Sexyy Red is an introvert, believe it or not. "People be in my face like… don’t even look at me," she says. "I mess with my fans, but I just gotta get used to everybody coming at me like that." Her ideal fan interaction? "Don’t come up to me screaming. Just be cool. Say hey, then keep it pushing."
"Don’t come up to me screaming. Just be cool. Say hey, then keep it pushing."
There’s a tenderness in there too. She writes lyrics constantly. If she hears a beat, a tapping, anything rhythmic, the bars start playing in her head. She’ll stop what she’s doing and jot it down. The music never really leaves her. It’s in her all the time.
You can hear the influence when she rattles off who she came up on. Chief Keef. Gucci Mane. Three 6 Mafia. Trina. Nicki. She lights up when she talks about Ice Spice’s pink fur fits. She might clown a bit, but she sees style for what it is. Self-expression.

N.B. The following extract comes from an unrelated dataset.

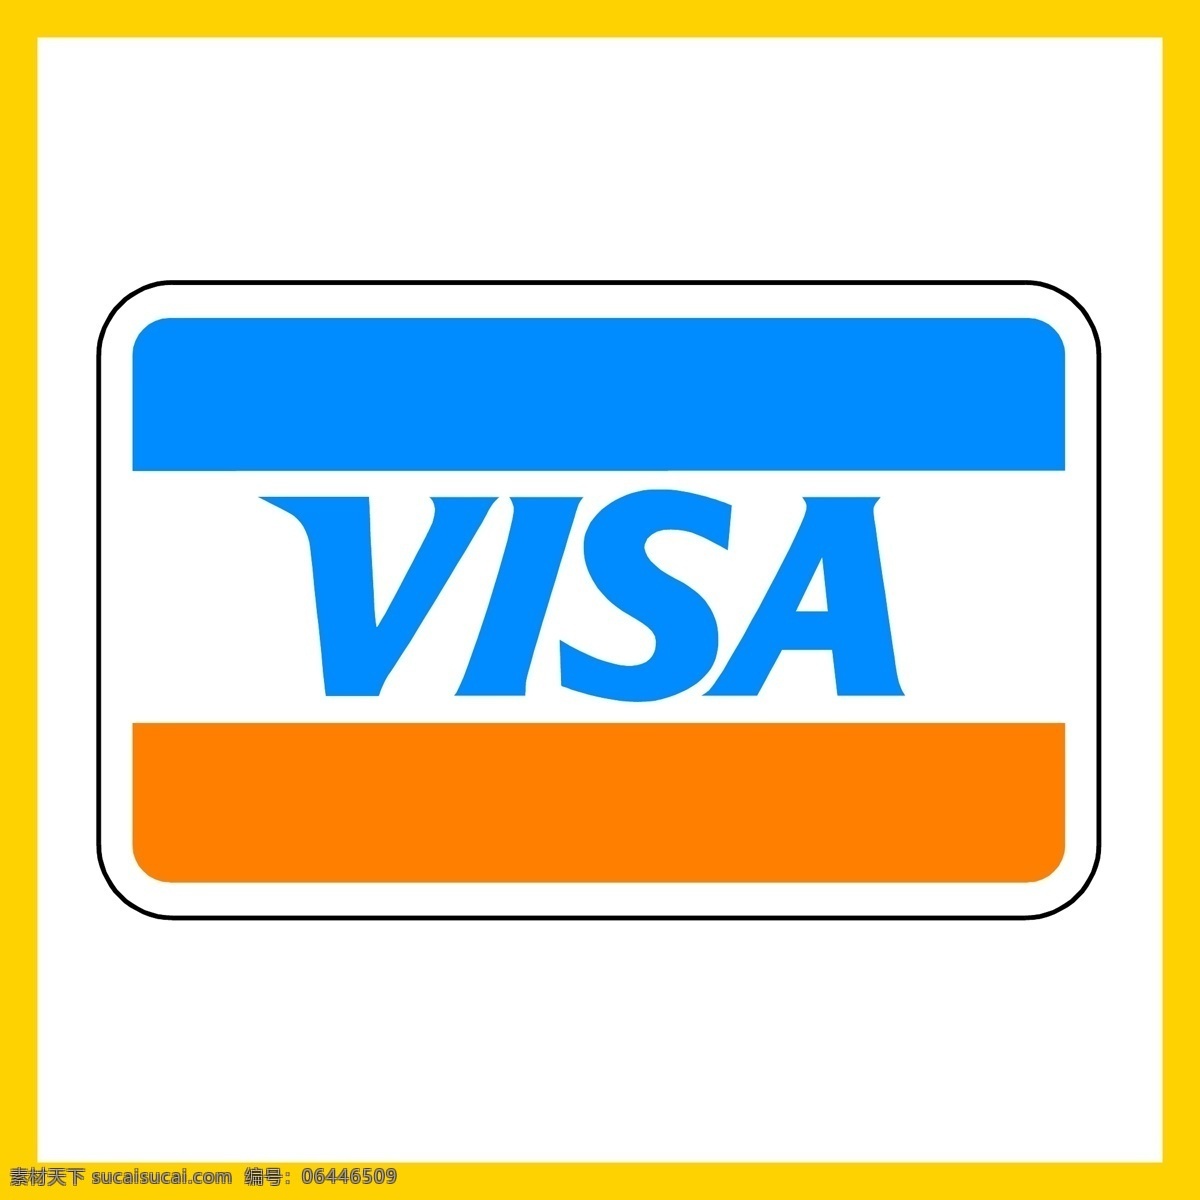 visa维萨 visa 维萨 中国银联 银行 信用卡 金融 投资理财 理财产品 贷款 国企 事业单位 logo 标志 矢量 vi logo设计
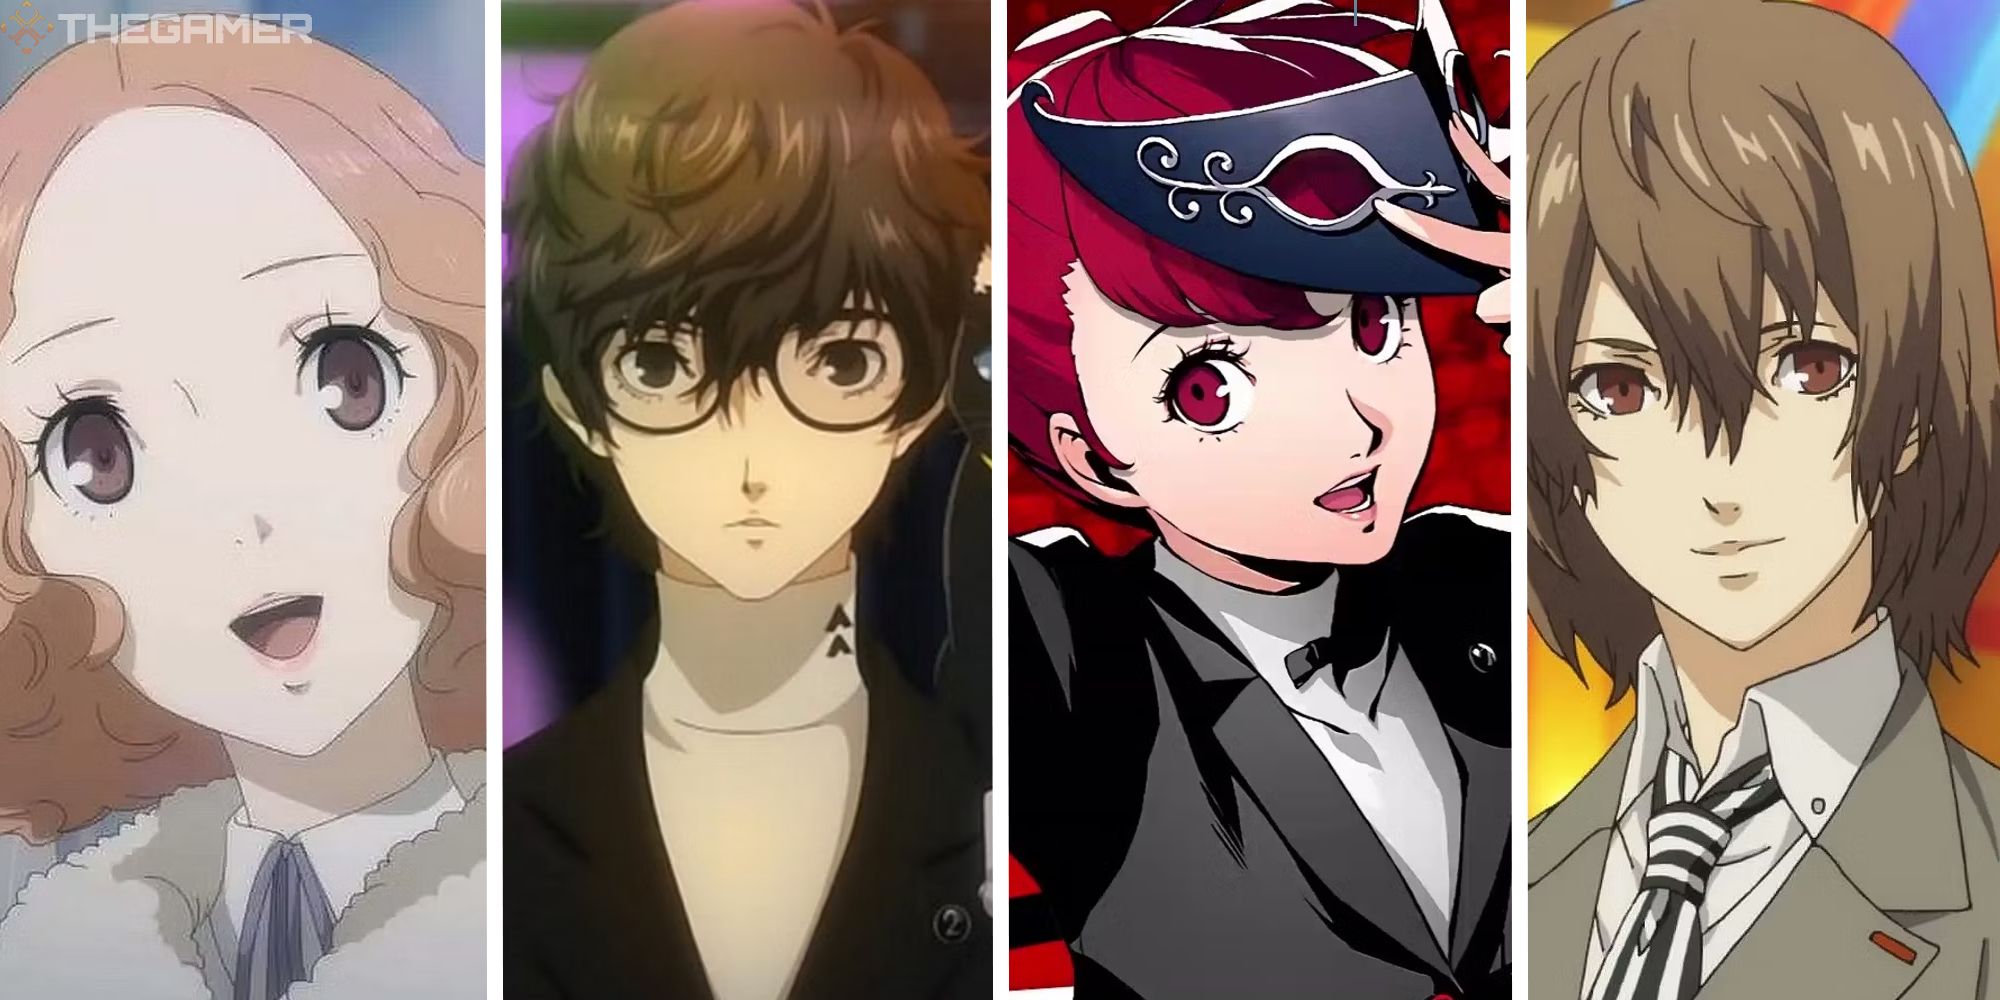 split image featuring haru, joker, kasumi, and akechi

Her own other dream job? "Fashion designer. Or a hair stylist."
Oh, and if there’s one mystery she’d like solved? "I want to know where the aliens at. Like, is it really aliens out here? Mine."
"I want to know where the aliens at. Like, is it really aliens out here?"
No PR polish. No industry script. Just energy. That’s the Sexyy Red blueprint.
As the cameras wind down and the room gets quieter, she’s still locked in. No façade. No filter. Just the same girl from St Louis with her head up, her nails done, and her focus firmly on the next bag.
She smooths her hair, checks her phone, and smirks. "I just show up," she says, laughing to herself.
And honestly? That’s all she needs to do.